I can show this is a bounded sequence and that the infimum and supremum of the sequence approach each other, however I cannot show that they are the same thing... thoughts? The reason it is difficult for me is because the method of using characteristic polynomials is that their degree is different for each $k$.
Use generating functions. Define $A(z) = \sum_{i \ge 0} a_i z^i$. Write the recurrence as:
$\begin{align} a_{n + k} = \frac{1}{k} \sum_{0 \le n \le k - 1} a_{i + n} \end{align}$
Multiply by $z^i$, sum over $i \ge 0$, and recognize the sums:
$\begin{align} \sum_{i \ge 0} a_{i + r} z^i = \frac{A(z) - a_0 - a_1 z - \dotsb - a_{r - 1} z^{r - 1}}{z^r} \end{align}$
multiply through by $z^k$, solve for $A(z)$ to get:
$\begin{align} A(z) \left(1 - \frac{1}{k} \sum_{0 \le n \le k - 1} z^{k - n} \right) &= P(z) \\ A(z) \left( 1 - \frac{1}{k} \cdot \frac{z (1 - z^k)}{1 - z} \right) &= P(z) \end{align}$
Here $P(z)$ is a polynomial of degree at most $k - 1$ that depends on the initial values.

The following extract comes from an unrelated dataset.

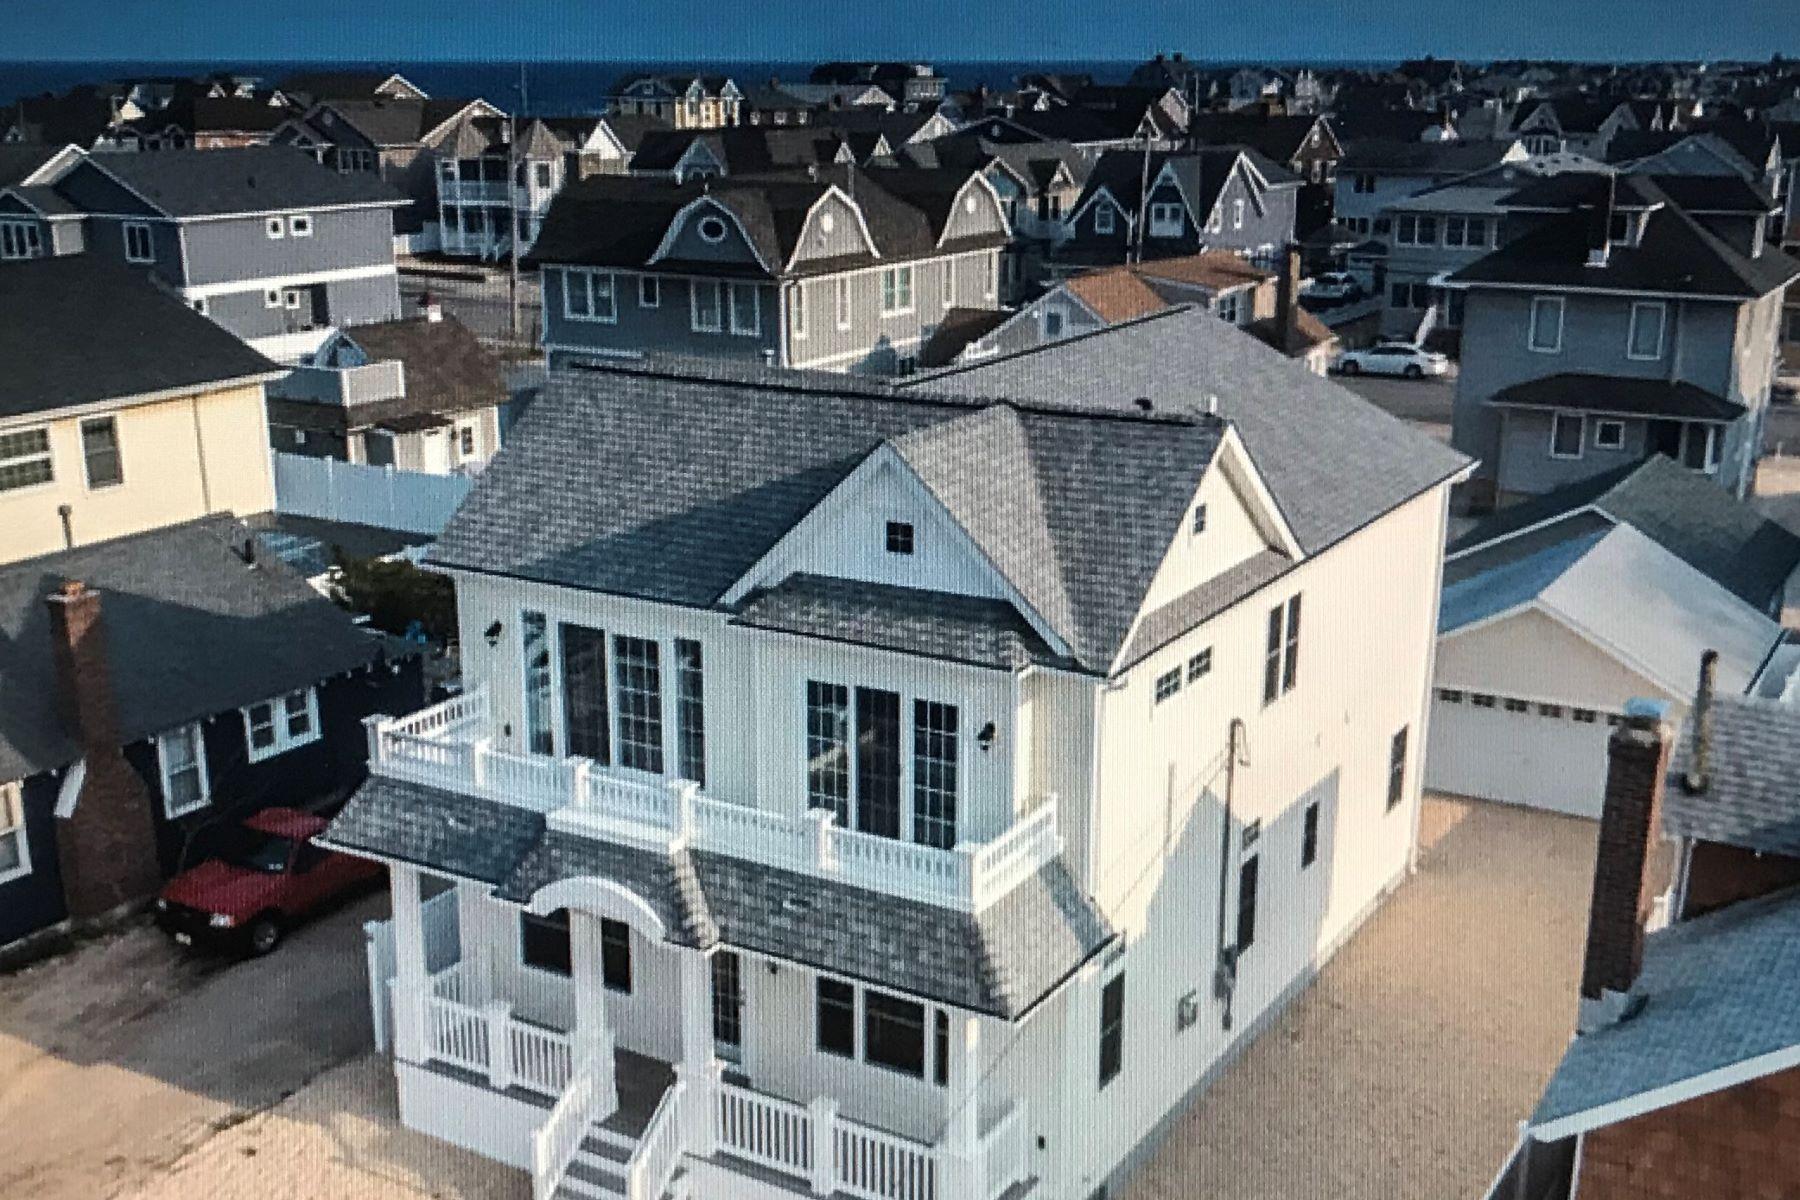 Casa Unifamiliar por un Venta en Beautiful Oceanblock FEMA Compliant New Construction Home 16 President Avenue, Lavallette, Nueva Jersey 08735 Estados Unidos

We are interested in the zero of smallest absolute value of the polynomial that ends up as denominator:
$\begin{align} z^k + z^{k - 1} + \dotsb + z - k \end{align}$
By Descartes' rule of signs this has one real positive zero, which is seen to be $1$. Long division by $z - 1$ yields:
$\begin{align} p(z) = \sum_{1 \le s \le k} s z^{k - s} \end{align}$
To get a lower bound for the absolute values of the zeros of this polynomial is to get an upper bound for the zeros of:
$\begin{align} u^{k - 1} p(u^{-1}) = \sum_{0 \le s \le k - 1} (s + 1) u^s \end{align}$
The Fujiwara bound tells us that all zeros of the last one have absolute values less than:
$\begin{align} 2 \max \left\{ \frac{k}{k + 1}, \left(\frac{k - 1}{k}\right)^{1/2}, \dotsc, \left(\frac{1}{2 k}\right)^{1/(k - 1)} \right\} = \frac{2 k}{k + 1} \end{align}$
so all zeros of $p(z)$ have absolute value larger than $1$ if $k > 1$. Thus the solutions converge. And the only value to which they can converge is:
$\begin{align} \frac{1}{k} \sum_{0 \le n \le k - 1} a_n \end{align}$